Me too. :slight_smile:

I feel like there are no log files. Please correct me if I’m wrong.
I have the CCDB instance running and also the workflow that should write to it. Here are the outputs of the commands you gave:

[tklemenz@tpc-login ~]$ ps auwx | grep local.jar
tklemenz  7180  0.0  0.0 112712   992 pts/80   S+   14:29   0:00 grep --color=auto local.jar
tklemenz 48408  1.0  0.3 40390660 523536 pts/41 Sl  14:15   0:08 java -jar /home/tklemenz/local.jar

There is no folder /proc/fd.

And finally

[tklemenz@tpc-login ~]$ pstree | grep java
        |-java---60*[{java}]
        |-screen---bash---java---90*[{java}]

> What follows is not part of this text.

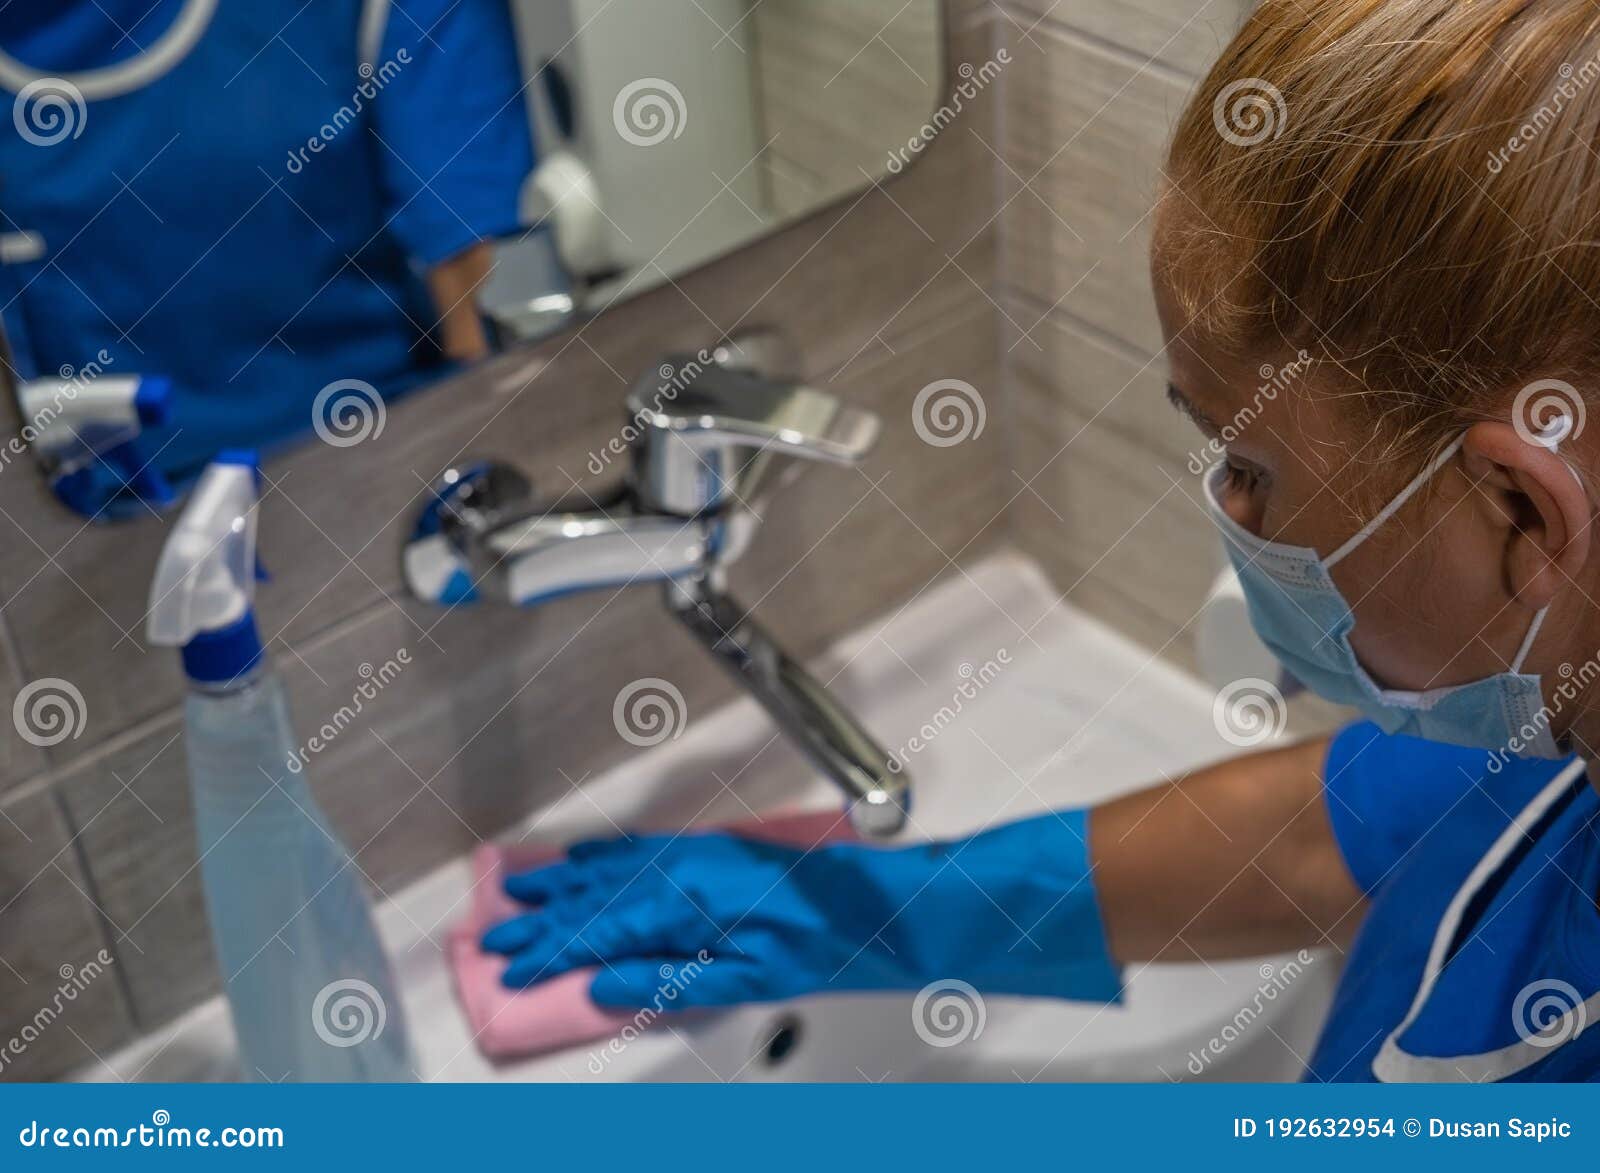 a cleaning leady with mask on her face cleans the washbasin

which tbh does not enlighten me very much but looks at least as if there is nothing written anywhere.
I will investigate that.

Cheers,
Thomas

Hi Adam,

ok, if ./qcg gives me all its output already in the console and there is not more then I am fine with that.

Cheers,
Thomas

Ups, the damn markup ate part of my reply. Please
ls -l /proc/48408/fd/

Cheers,

.costin

Oh, ok. Adding the process ID inbetween seems kind of obvious, I should have figured this out myself…

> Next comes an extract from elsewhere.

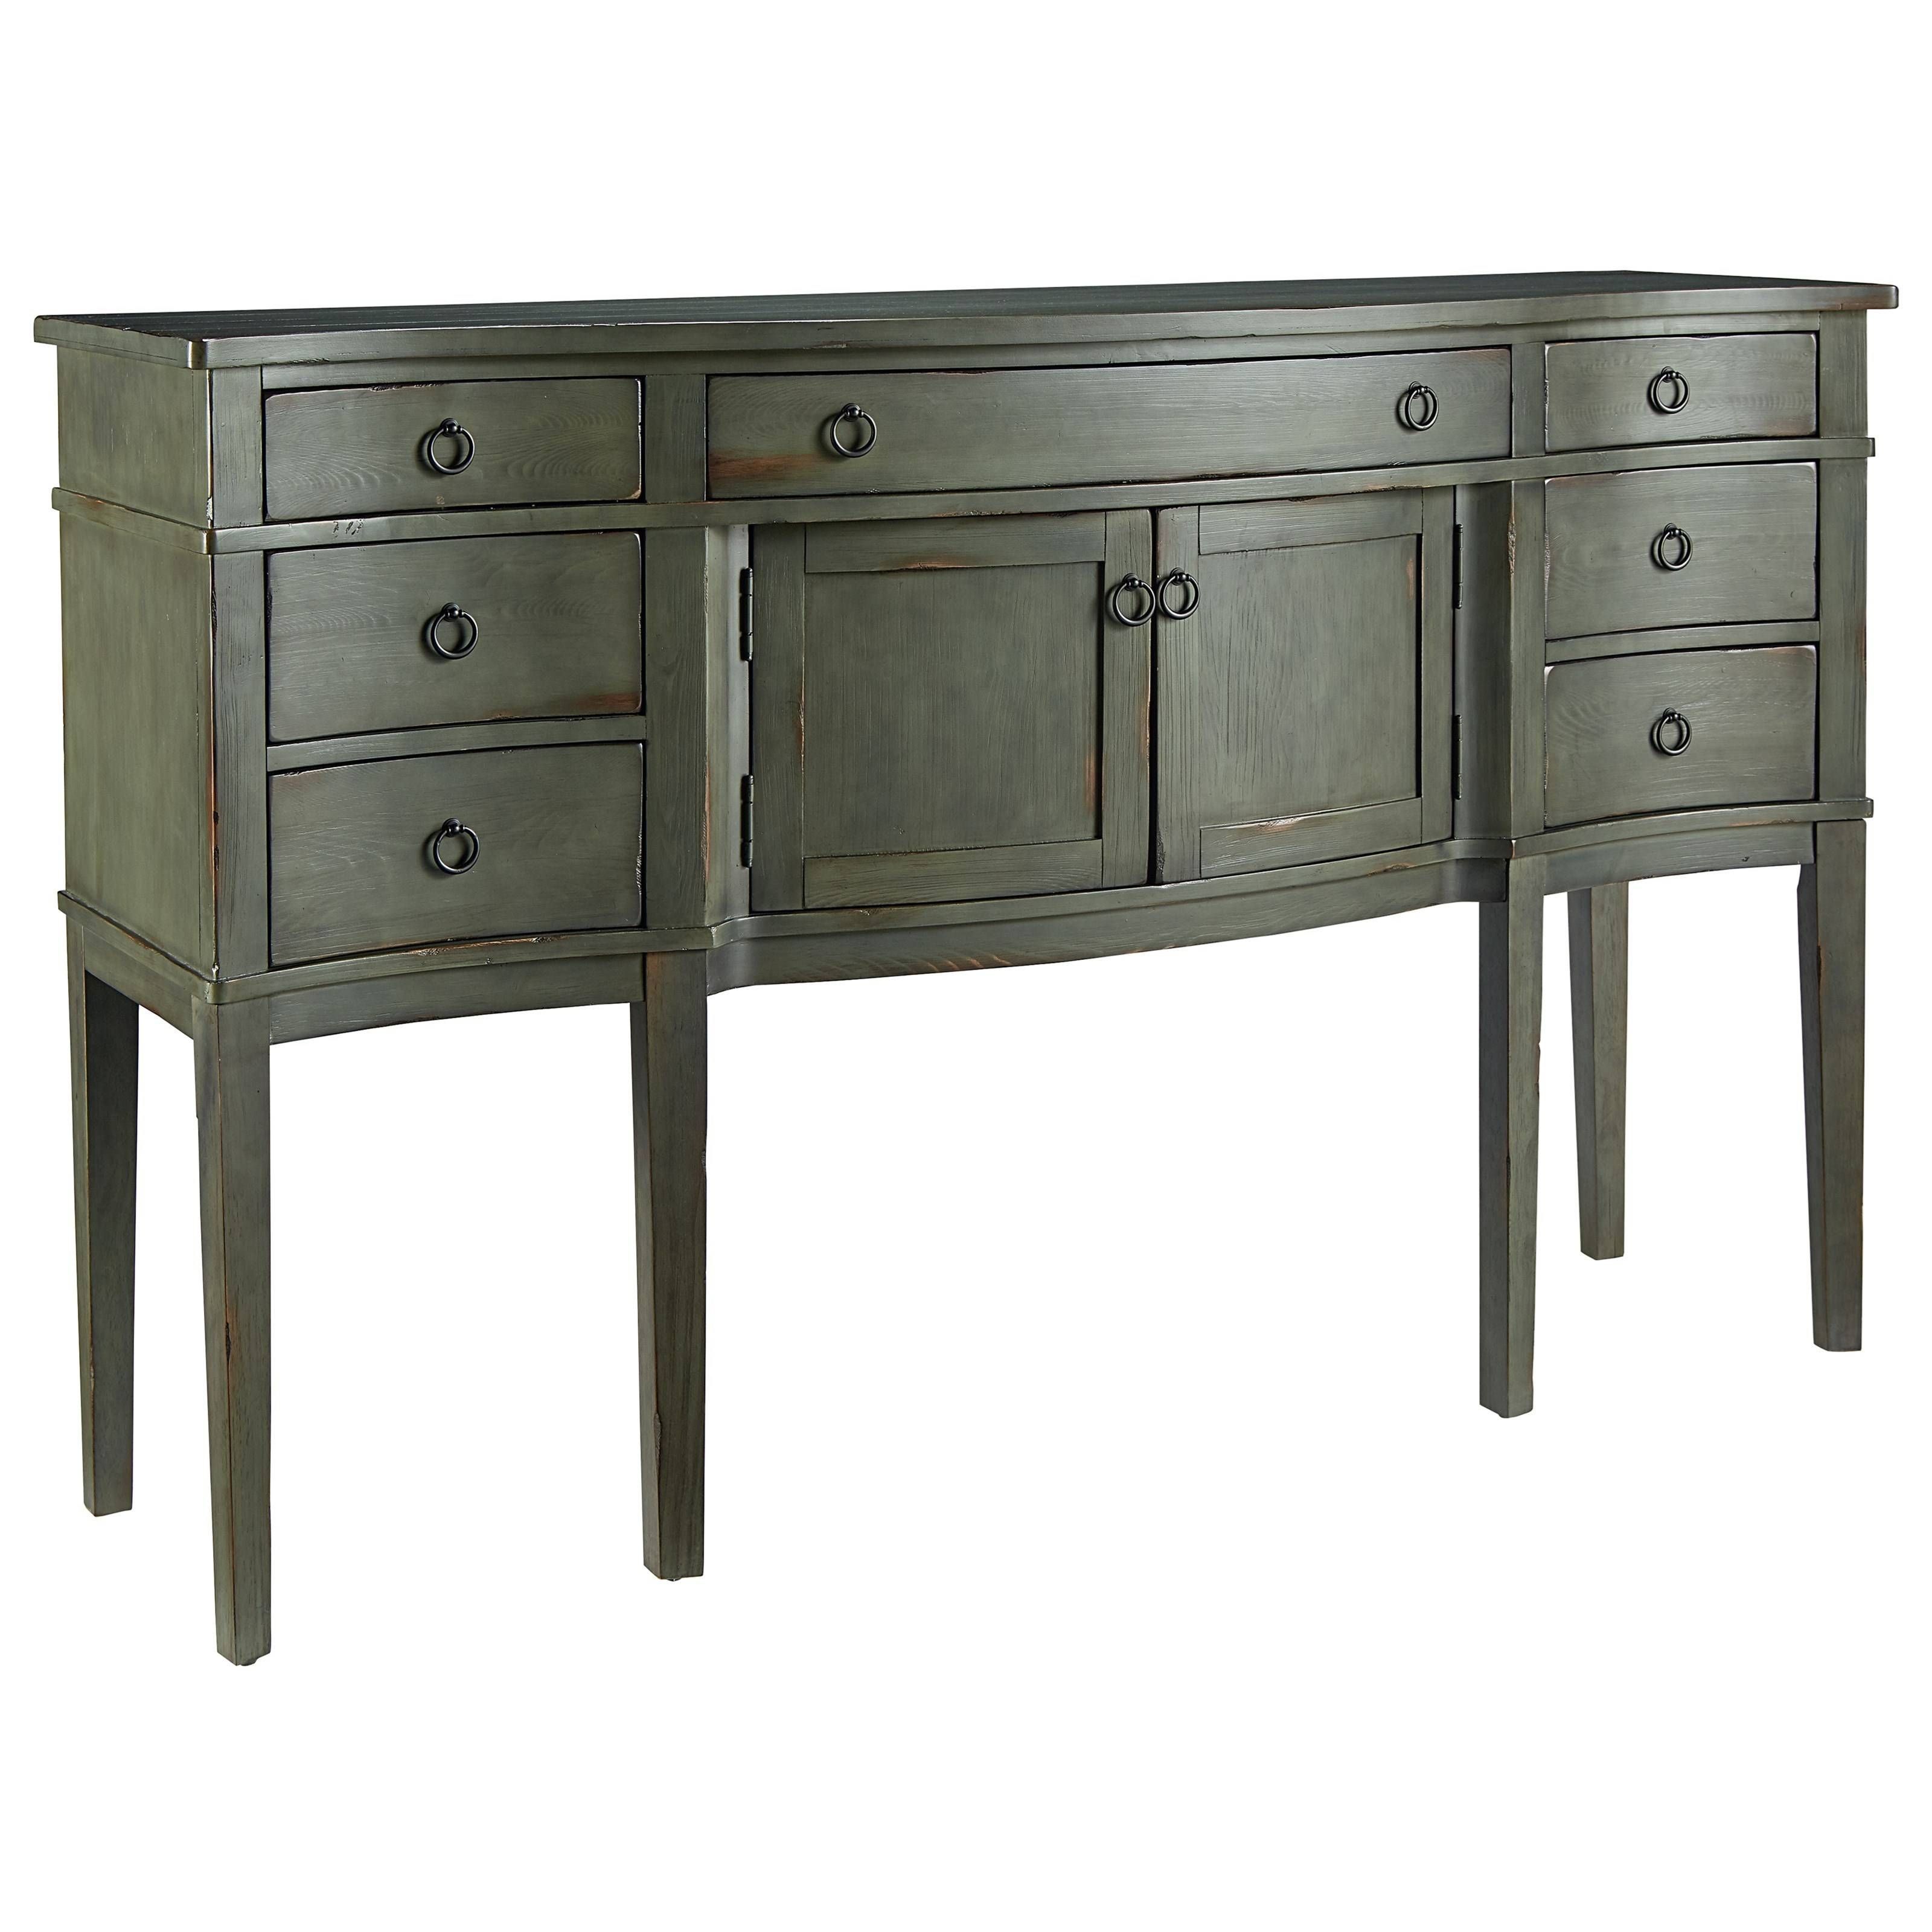 Beautiful Sideboards And Servers – Bjdgjy For Most Current Sideboards And Servers (View 13 of 15)

Indeed there is a link to a log file in /proc/48408/fd/, however thats apmon.log looking like this:

Mar 13, 2020 2:15:54 PM apmon.ApMon initialize
INFO: Initializing destination addresses & ports:
Mar 13, 2020 2:15:54 PM apmon.ApMon arrayInit
INFO: adding destination: 127.0.0.1:8884
Mar 13, 2020 2:15:54 PM apmon.ApMon setJobMonitoring
INFO: Disabling job monitoring...
Mar 13, 2020 2:15:54 PM apmon.ApMon setSysMonitoring
INFO: Disabling system monitoring...
Mar 13, 2020 2:15:54 PM apmon.ApMon setGenMonitoring
INFO: Setting general information monitoring to false
Mar 13, 2020 2:15:54 PM apmon.ApMon setJobMonitoring
INFO: Enabling job monitoring, time interval 60 s
Mar 13, 2020 2:15:55 PM apmon.BkThread run
INFO: [Starting background thread...]
Mar 13, 2020 2:17:55 PM apmon.BkThread sendOneJobInfo
WARNING: Unable to read job Disk Usage info for 48408 : java.lang.NumberFormatException: empty String (empty String)
Mar 13, 2020 2:18:55 PM apmon.BkThread sendOneJobInfo
WARNING: Job 48408 does not exist
Mar 13, 2020 2:18:55 PM apmon.BkThread sendJobInfo
WARNING: There are not jobs to be monitored, not sending job monitoring information...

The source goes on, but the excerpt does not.